Apart from the images, the entire listing below must be restated word for word.

■ Data block:
====================

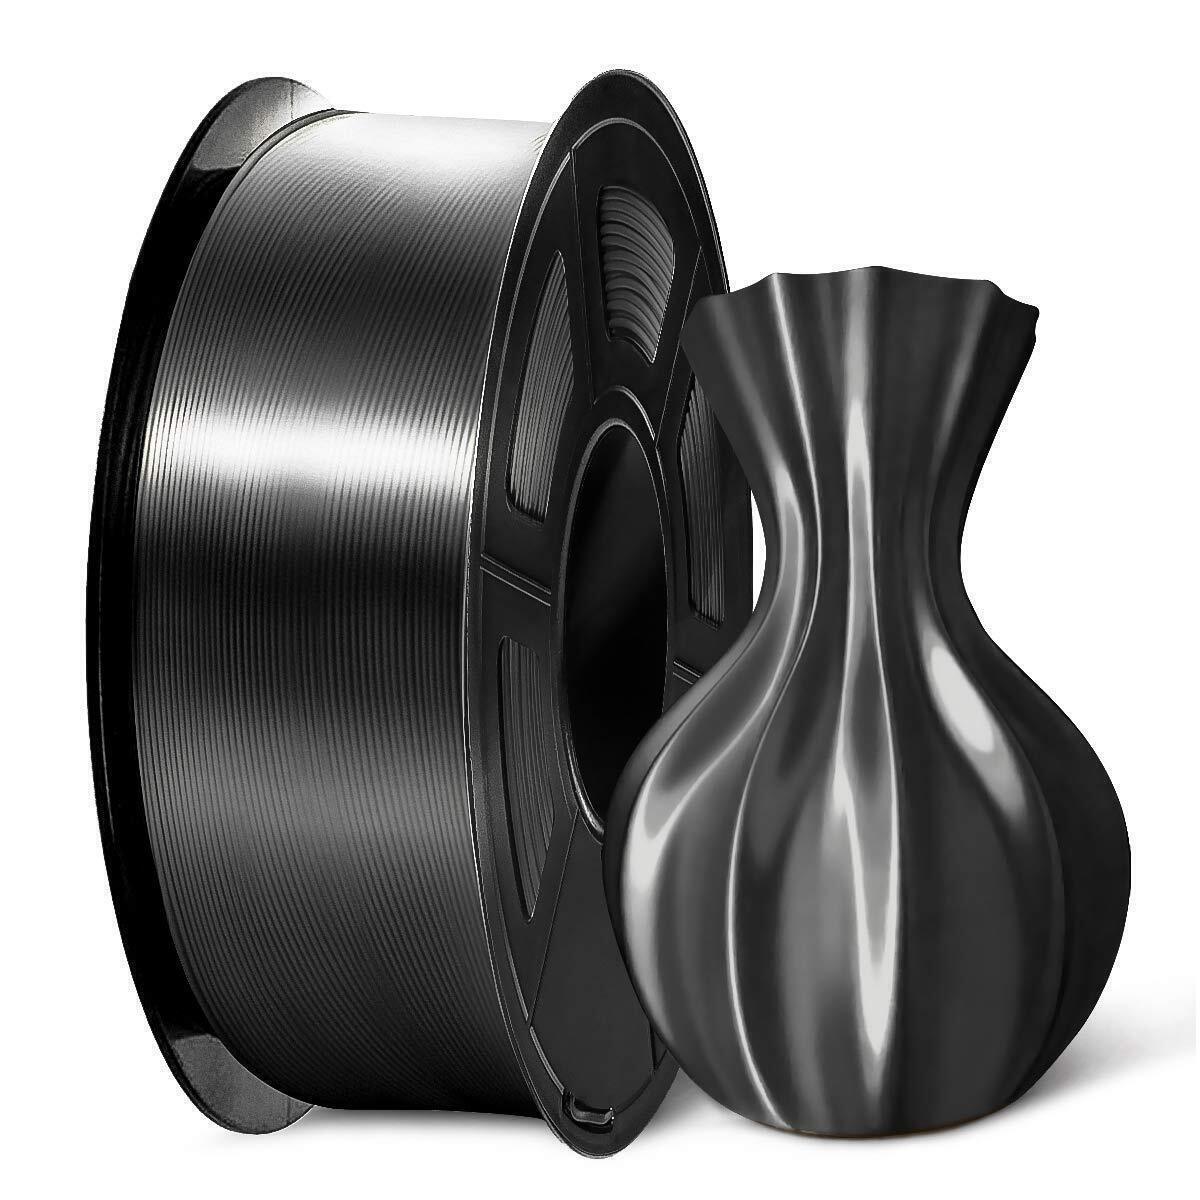 SUNLU 1KG PLA+ SILK 3D Printer Filament SILK 1.75mm NEW Dual &Triple Colors
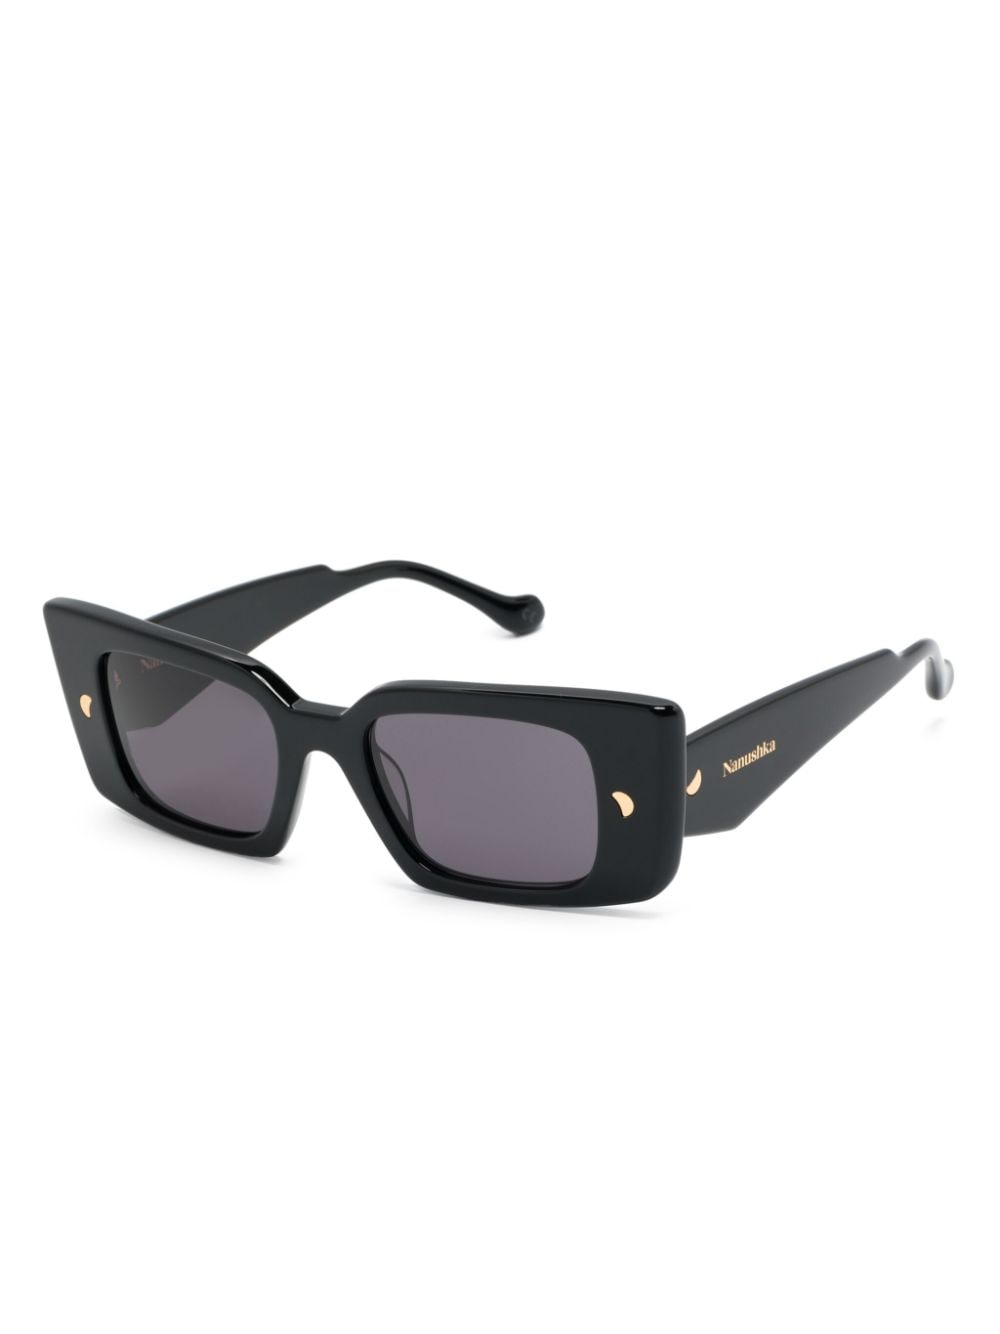 Nanushka Carmel zonnebril met rechthoekig montuur - Zwart
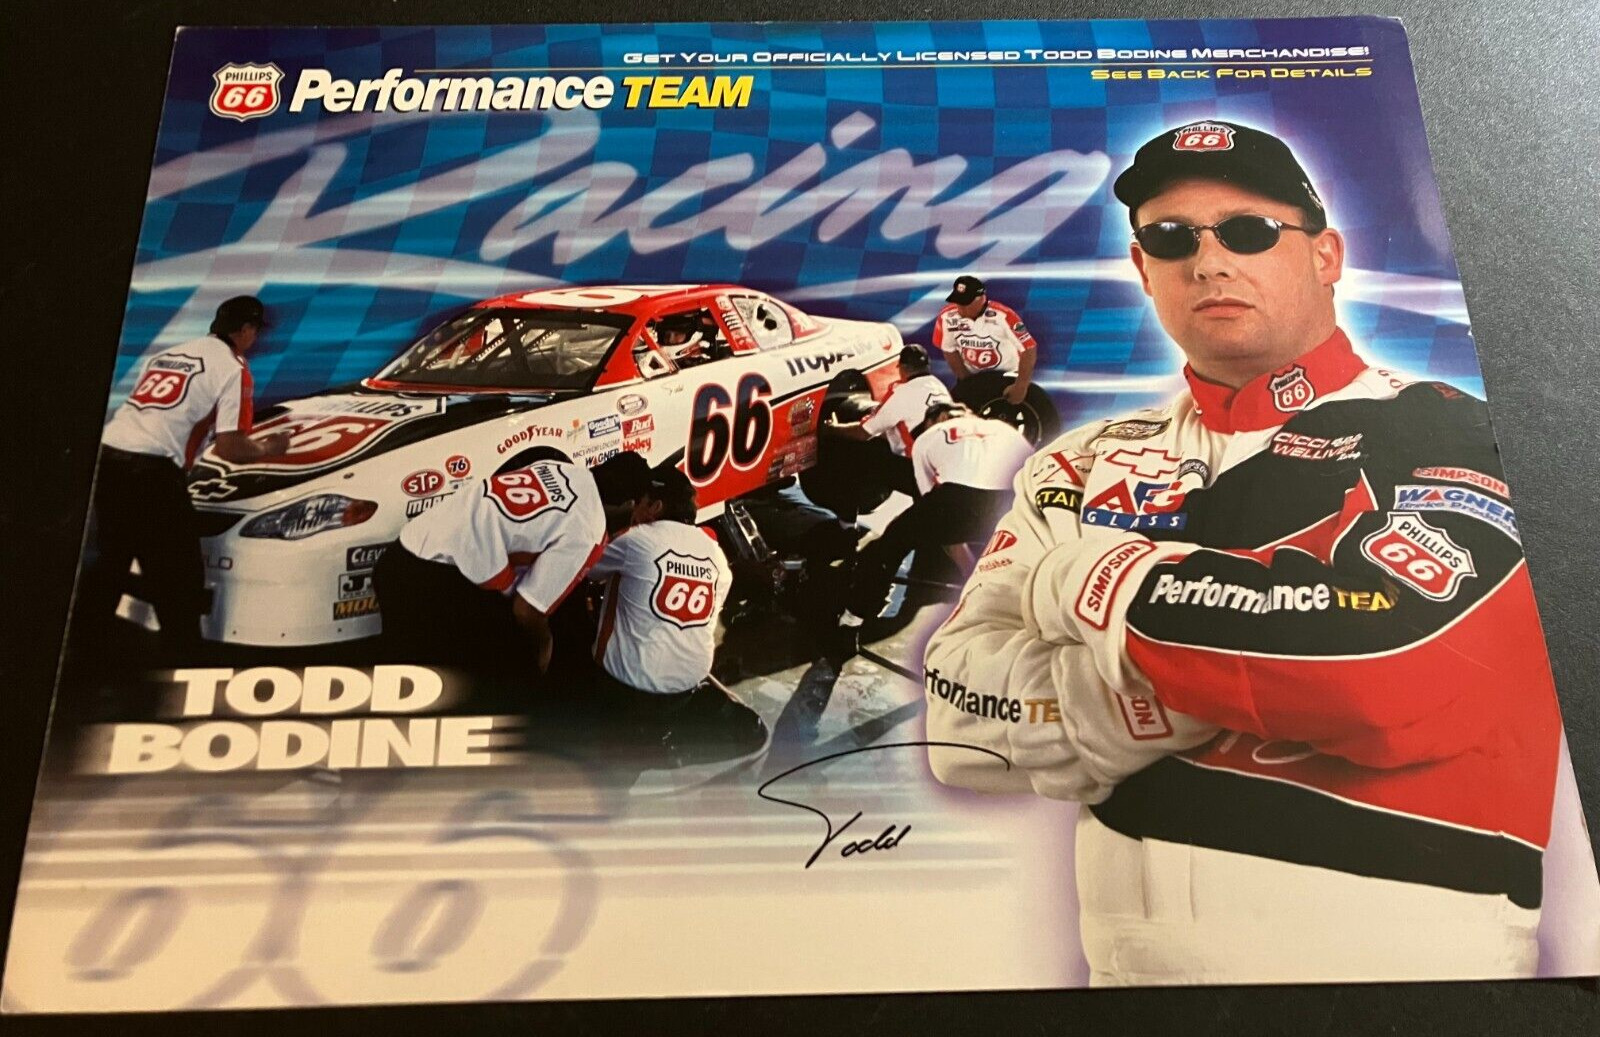 2000 Todd Bodine #66 Phillips 66 Chevy Monte Carlo - NASCAR Hero Card Handout

====================

■ Task response:
 SUNLU 1KG PLA+ SILK 3D Printer Filament SILK 1.75mm NEW Dual &Triple Colors
 Nanushka Carmel zonnebril met rechthoekig montuur - Zwart
 2000 Todd Bodine #66 Phillips 66 Chevy Monte Carlo - NASCAR Hero Card Handout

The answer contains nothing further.